Щепкин сделал полковнику неприметный знак. Ступин кивнул, догадываясь, что руководитель «Национального центра» хочет поговорить с ним без свидетелей.

Щепкин знал Ступина еще с тех времен, когда тот был штабс-офицером для особых поручений при главнокомандующем Северного фронта, а потом служил помощником генерал-квартирмейстера.

Революцию Ступин принял несколько иначе, чем многие из тех, кто носил офицерские погоны. Он не стал палить из нагана в красногвардейцев, не удрал ни на юг, ни на восток. Ступин зарегистрировался, как бывший офицер, прошел проверку и выказал лояльное отношение к Советской власти. Служба помощником генерал-квартирмейстера не вынуждала Ступина бить по морде солдат, разгонять полковые комитеты или участвовать в расстрелах неблагонадежных элементов. Поэтому проверяющие не нашли ни одного факта, уличающего Ступина в прямой контрреволюционной деятельности.
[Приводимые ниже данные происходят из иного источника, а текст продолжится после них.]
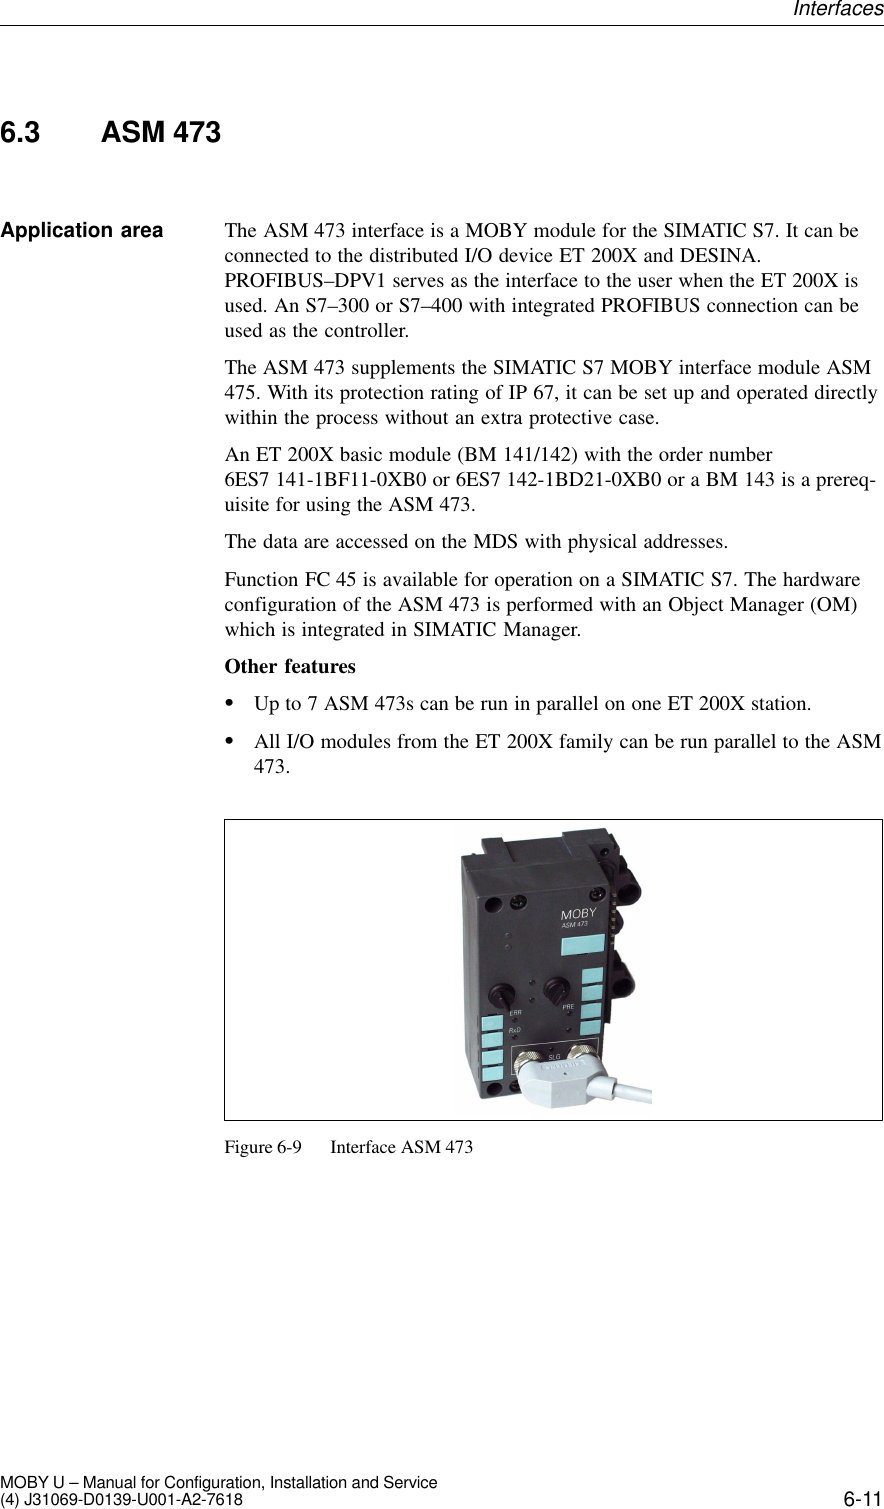 6-11MOBY U – Manual for Configuration, Installation and Service(4) J31069-D0139-U001-A2-76186.3 ASM 473The ASM 473 interface is a MOBY module for the SIMATIC S7. It can beconnected to the distributed I/O device ET 200X and DESINA.PROFIBUS–DPV1 serves as the interface to the user when the ET 200X isused. An S7–300 or S7–400 with integrated PROFIBUS connection can beused as the controller.The ASM 473 supplements the SIMATIC S7 MOBY interface module ASM475. With its protection rating of IP 67, it can be set up and operated directlywithin the process without an extra protective case.An ET 200X basic module (BM 141/142) with the order number6ES7 141-1BF11-0XB0 or 6ES7 142-1BD21-0XB0 or a BM 143 is a prereq-uisite for using the ASM 473.The data are accessed on the MDS with physical addresses.Function FC 45 is available for operation on a SIMATIC S7. The hardwareconfiguration of the ASM 473 is performed with an Object Manager (OM)which is integrated in SIMATIC Manager.Other featuresUp to 7 ASM 473s can be run in parallel on one ET 200X station.All I/O modules from the ET 200X family can be run parallel to the ASM473.Figure 6-9 Interface ASM 473Application areaInterfaces

То, что было в его душе, полковник сумел скрыть. Ему разрешили работать в военных учреждениях.

Ступин перебрался в Москву, и старые знакомые нашли друг друга.
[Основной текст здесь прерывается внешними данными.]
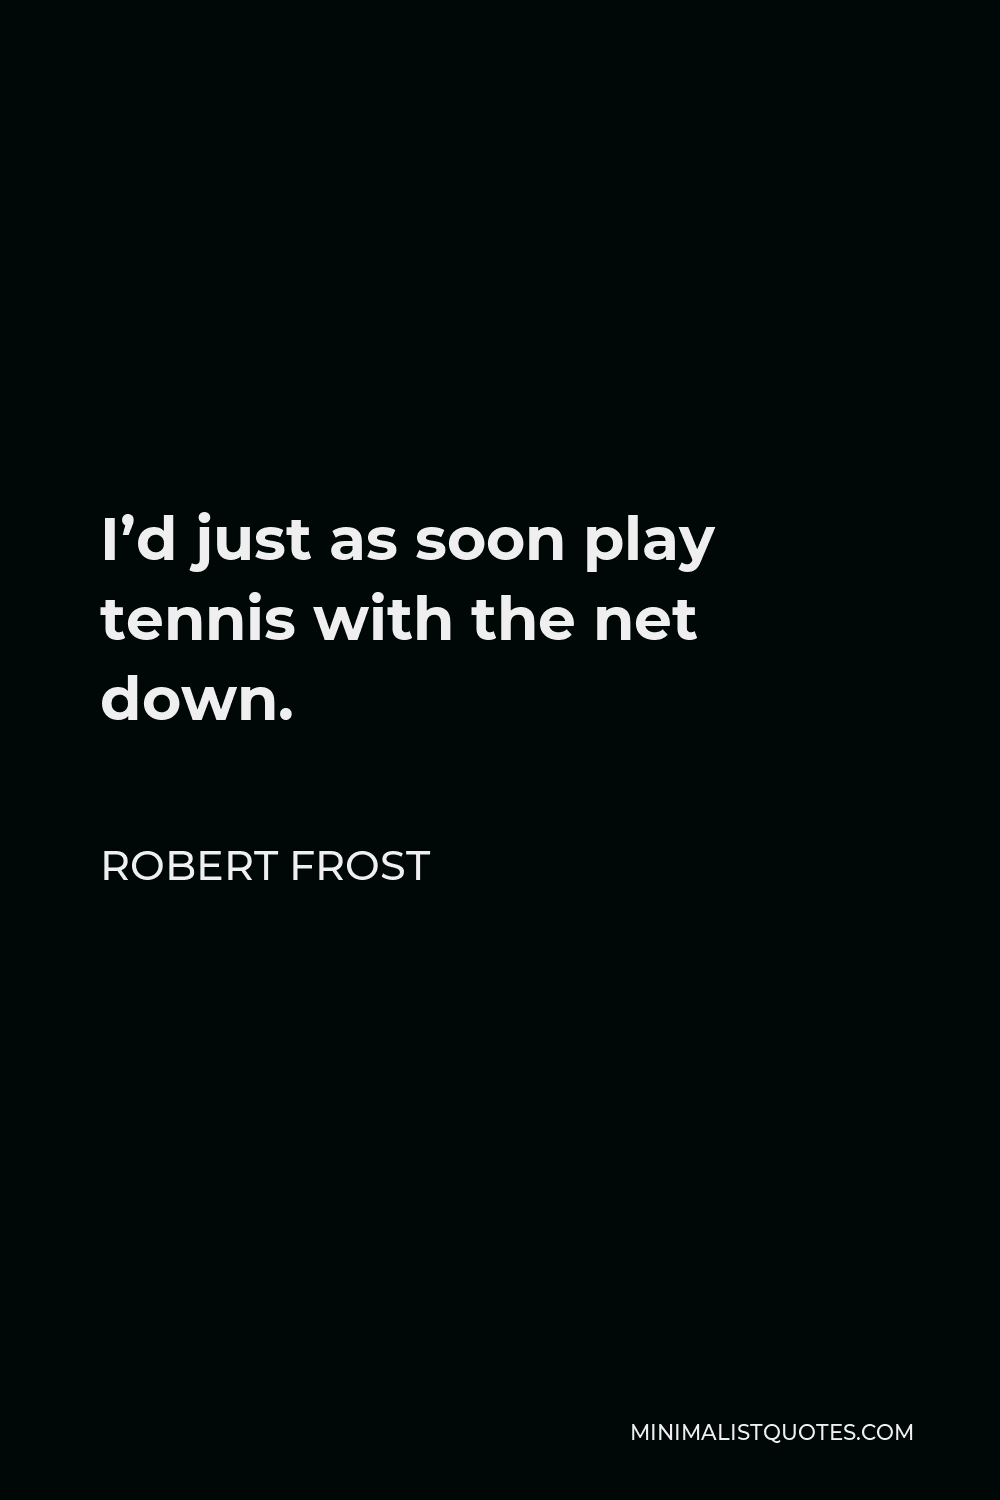 Robert Frost Quote - I’d just as soon play tennis with the net down.

«Национальному центру» был нужен руководитель военной организации, которая сколачивалась кадетами еще с восемнадцатого года. Под видом комитетов домовой самообороны собирались люди и накапливалось оружие. В основу был положен принцип «десяток», где каждый знал в лицо только собственного командира. Но случайные люди, назначаемые командирами «десяток», не могли обеспечить дисциплины и порядка. Рассредоточенные по множеству домовых комитетов и другим организациям, участники подпольной военной организации были оперативно разобщены, система связи между «десятками» действовала плохо.

Полковник Ступин согласился взять на себя командование подпольными «добровольцами», которым явно недоставало твердой руки. «Добровольческую армию Московского района» он реорганизовал по принципу ударных отрядов, малочисленных, но составленных из решительных людей. В основном из бывших офицеров, хорошо владеющих оружием, обстрелянных и понимающих, что такое воинская дисциплина и приказ командира.

Из домовых комитетов ядро подпольных отрядов постепенно удалось переместить в некоторые военные школы и курсы, где оказалось немало таких, как бывший полковник Ступин. Это облегчило прикрытие, снабжение оружием и давало возможность проводить активную вербовку людей.

Выступление первоначально планировали приурочить к мятежу на форте Красная Горка, затем к прорыву генерала Мамонтова, но к этому времени формирование отрядов закончить не удалось. Теперь же у Ступина были наготове дисциплинированные, хорошо вооруженные «ударники», готовые к самым активным действиям.

— Мне весьма было приятно слушать ваше сообщение, Алексей Петрович, — заговорил Щепкин, когда они с полковником остались наедине. — Но наряду с военными вопросами необходимо обговорить политический аспект предстоящего выступления. Руководство «Национального центра» полагает, что должно быть подготовлено соответствующее воззвание к населению, объясняющее политическую платформу и цели вооруженного выступления.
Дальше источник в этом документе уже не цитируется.